● SOURCE DATA:

_____

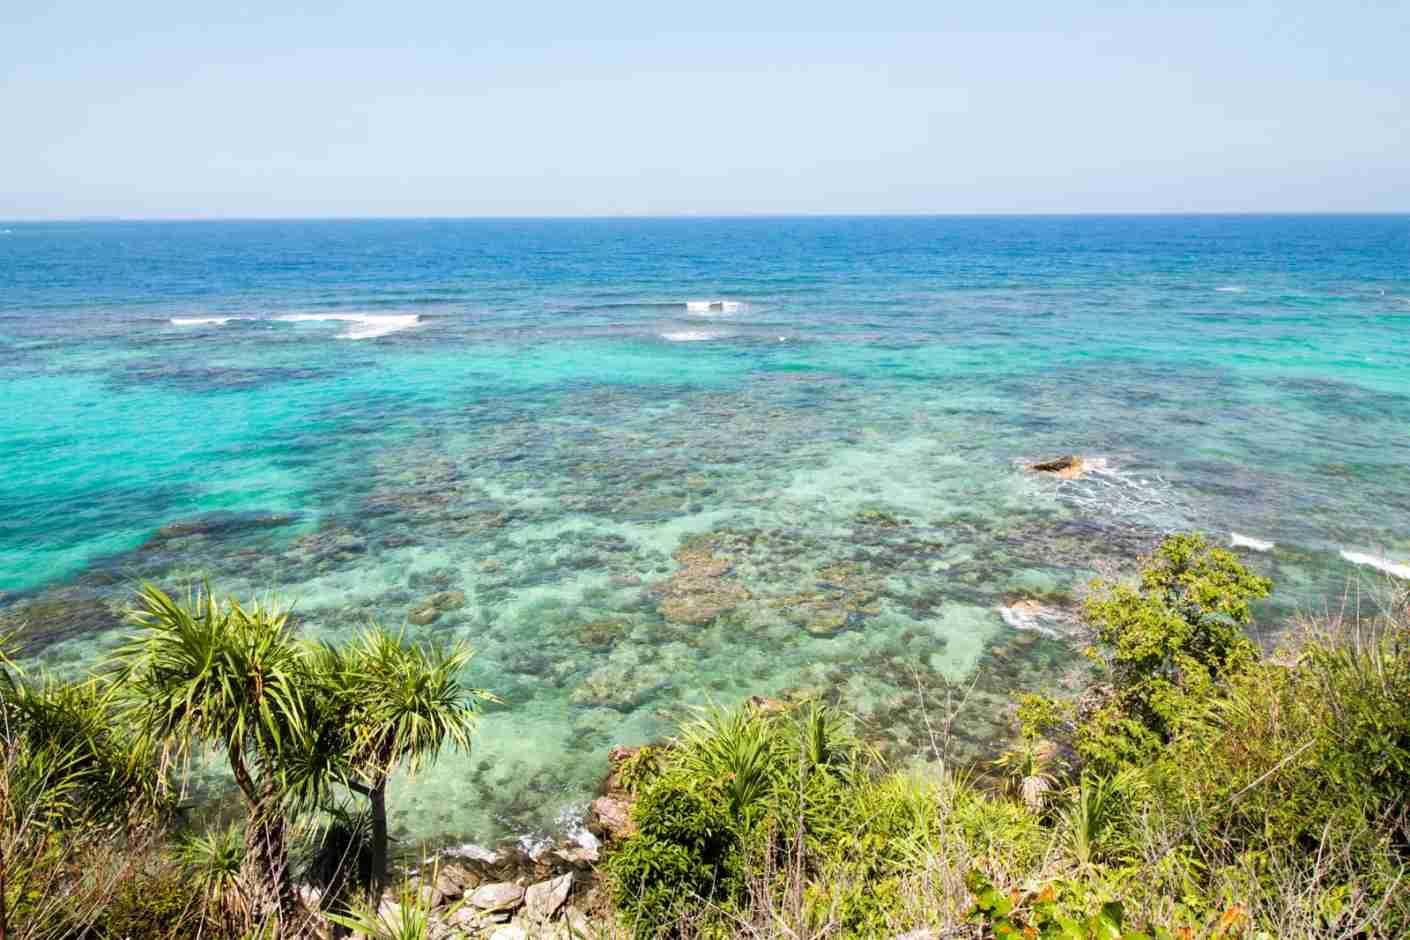 Karimunjawa Island. (Photo via Shutterstock)
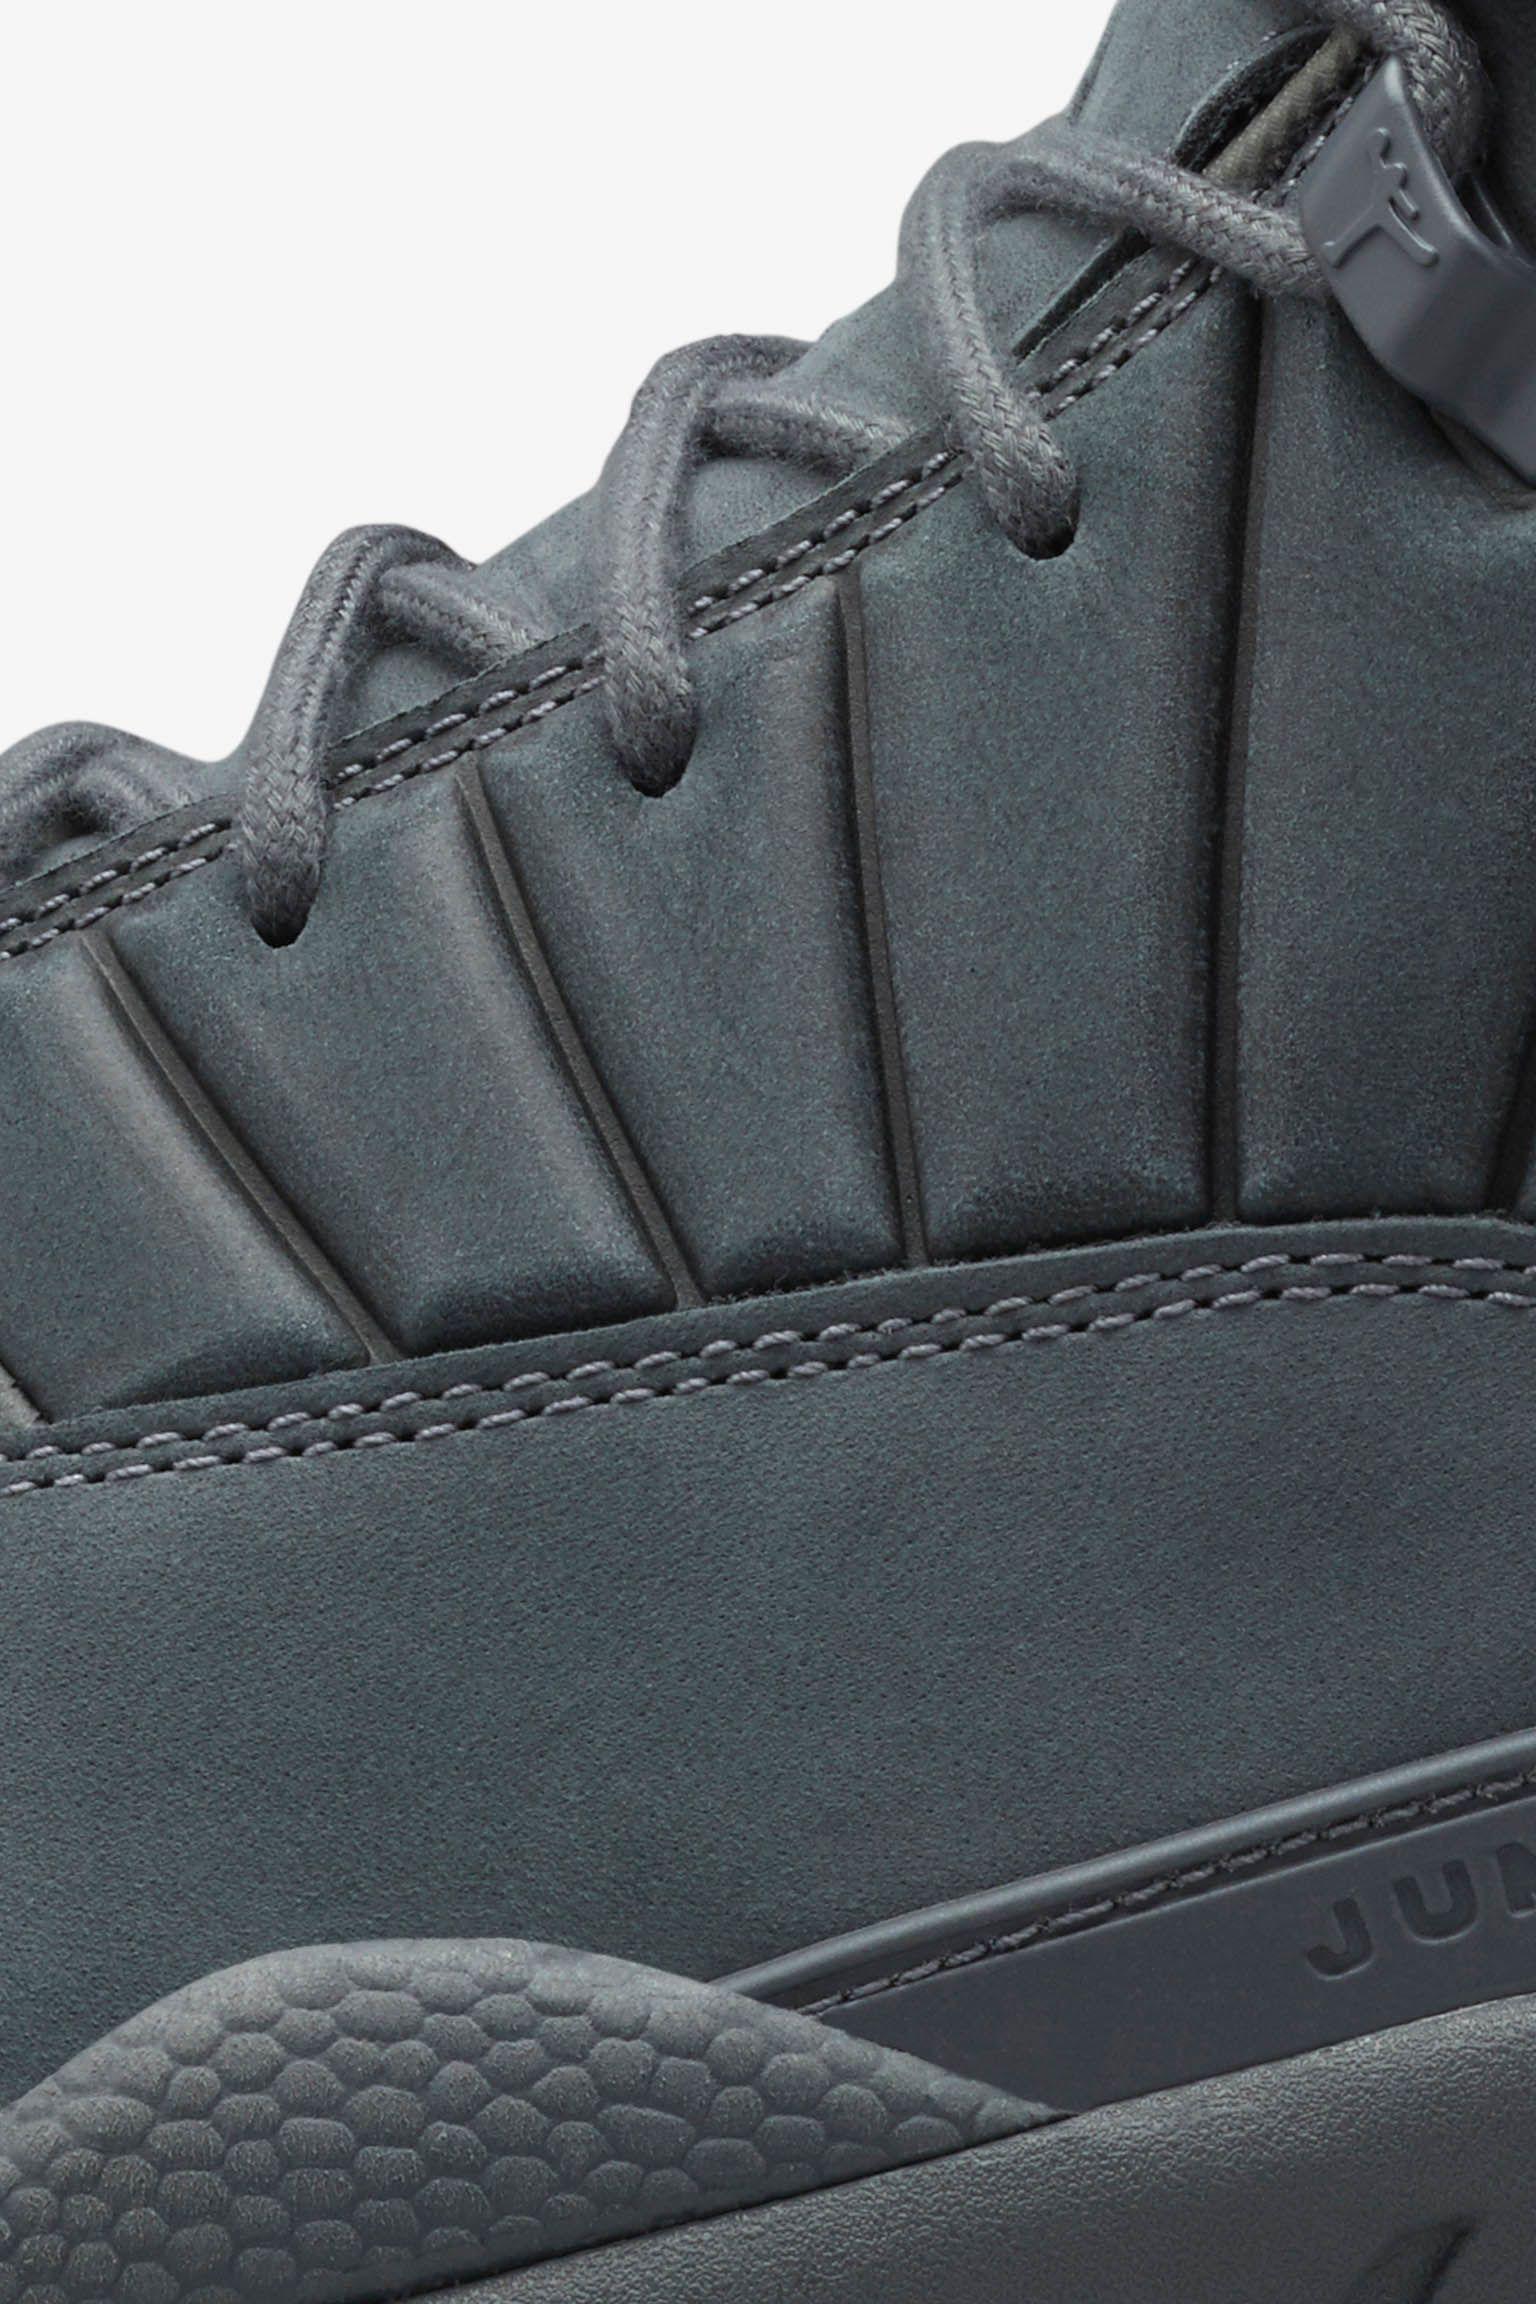 Air Jordan 12 Retro 'PSNY' Release Date
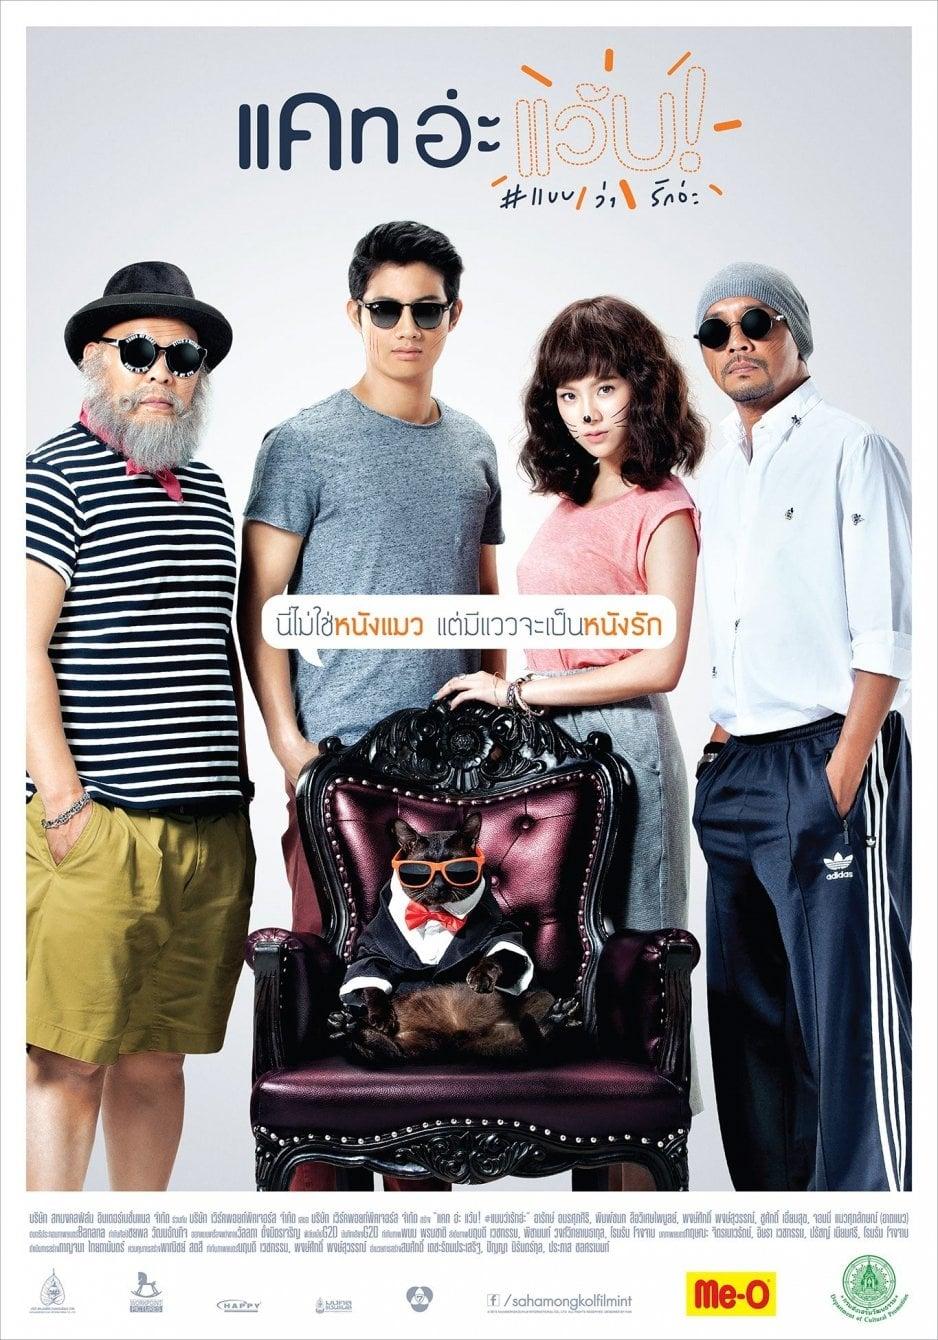 phim Thái Lan mèo mai mối Baifern Pimchanok

_____

Please write out all the data again word for word, but not the pictures.

● FINISHED EXERCISE:
 Karimunjawa Island. (Photo via Shutterstock)
 Air Jordan 12 Retro 'PSNY' Release Date
 phim Thái Lan mèo mai mối Baifern Pimchanok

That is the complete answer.